Many in the industry remain openly contemptuous about limits. “Position limits are, at best, a cure for a disease that does not exist or a placebo for one that does. At worst, position limits may harm the very markets they are intended to protect.”
Those words were spoken by then-CFTC Commissioner Michael Dunn - who has since become a senior policy adviser to law-and-lobbying firm Patton Boggs and non-executive chairman of the Depository and Trust Clearing Corporation’s new Swap Data Repository. But the sentiments are held even more strongly by many in derivatives markets.
The legal challenge is still pending. In the meantime, however, the ramped up enforcement process is meant to signal limits should be taken seriously. Non-compliance with existing limits on farm contracts will result in tough penalties. If and when limits on energy contracts go into effect, they will be strictly enforced.
The CFTC clearly expects market participants will err on the side of caution and ensure their positions remain well-within the caps at all times.
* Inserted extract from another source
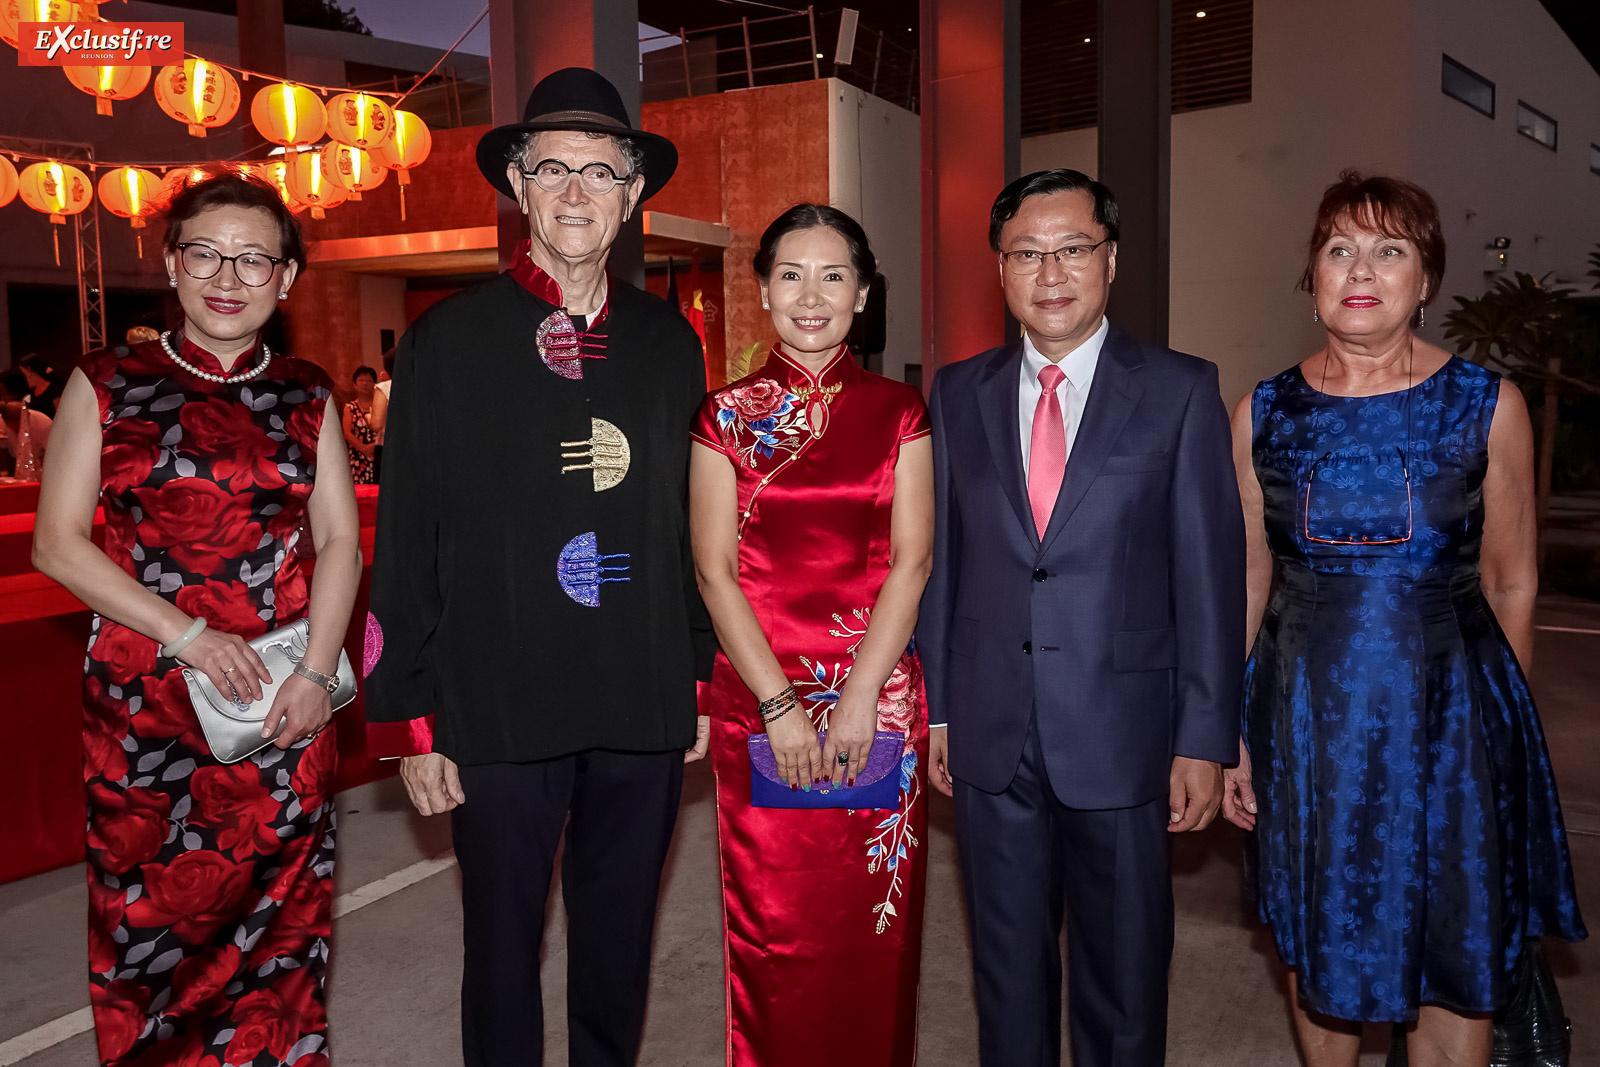 Yang Qing, vice-consule générale de Chine à La Réunion, René-Louis Pastel, président de la Cité des Arts, Dong Zhijiao, son époux Chen Zhihong, Consul Général de la République populaire de Chine à La Réunion, et Martine Pestel

If dealers can spend millions of dollars developing high-frequency trading systems, they can develop systems to ensure individual trades do not exceed permitted limits in real time.
It is an aggressive and uncompromising approach. But having tried to weaken and block position limits at every stage, clogging up the rulemaking process and challenging it at every step of the way in the courts and Congress, the banks and trade associations cannot be surprised the CFTC is determined to crack down to restore respect for the rules.